In Arizona, if it’s the former, there’s now a way they can be made. If it’s the latter, that same way purports to make them better.
It’s called the Arizona Center for Civic Leadership. Its centerpiece program, a civic leadership academy, holds its first graduation on Friday, when it will turn two dozen Arizonans back to their communities with fresh perspective on the state’s top political and civic issues.
They also take with them what they learned from public policy experts and others -- the traits and tools of leadership.
Participants spent ten two-day sessions together in Phoenix, hearing from experts on the state’s fiscal system and budget, the economy, education, water, immigration and border issues and a half-dozen other key topics.
It was all focused on fulfilling the leadership center’s mission to ensure that Arizona’s future leaders “have the commitment, knowledge and skills to work together to carry out creative, long-term solutions to pressing problems."

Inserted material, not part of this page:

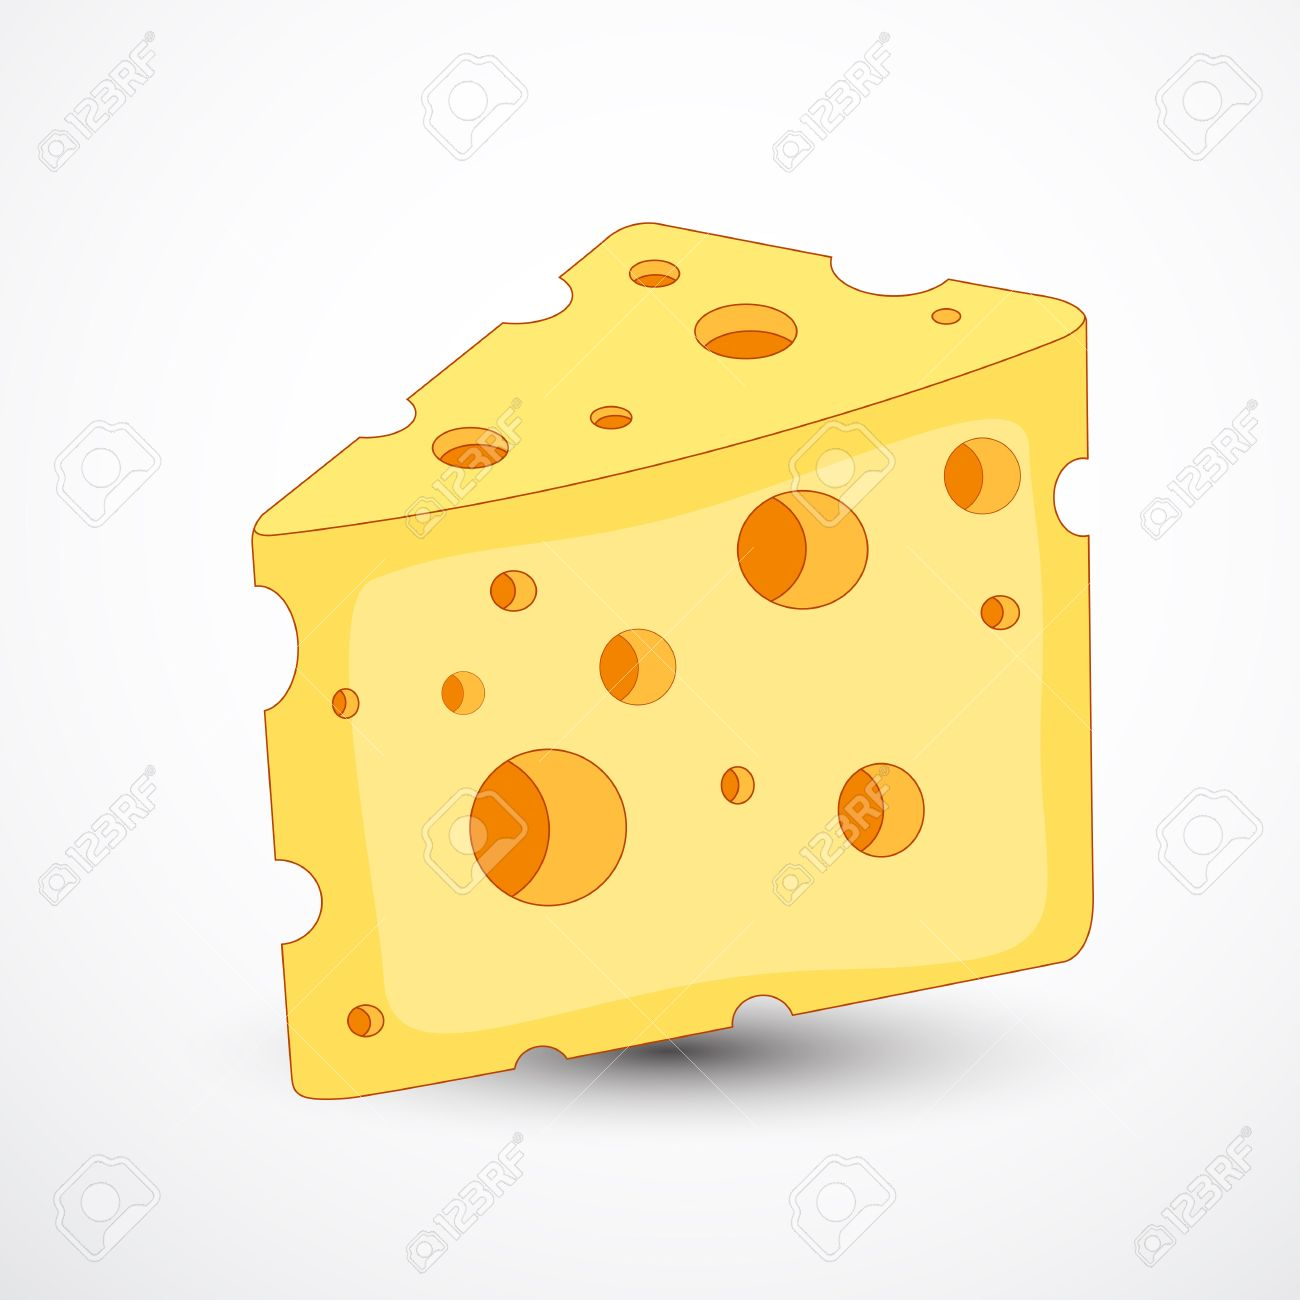 Cheese Vector Stock Vector - 12861574

The key phrase in that statement may well be “to work together.” For in this day of political divisiveness when politicians don’t bother even paying lip service to the notion of bipartisanship, getting people to work together on the issues will clearly be the heaviest lift.
Graduates of the academy were admitted on, among other things, the condition that they step up and seek a position of leadership in the community, in civic and/or political life.
The key measure of the program's success could well be how well its graduates do at bringing together disparate political and civic factions for focus on Arizona's crucial issues.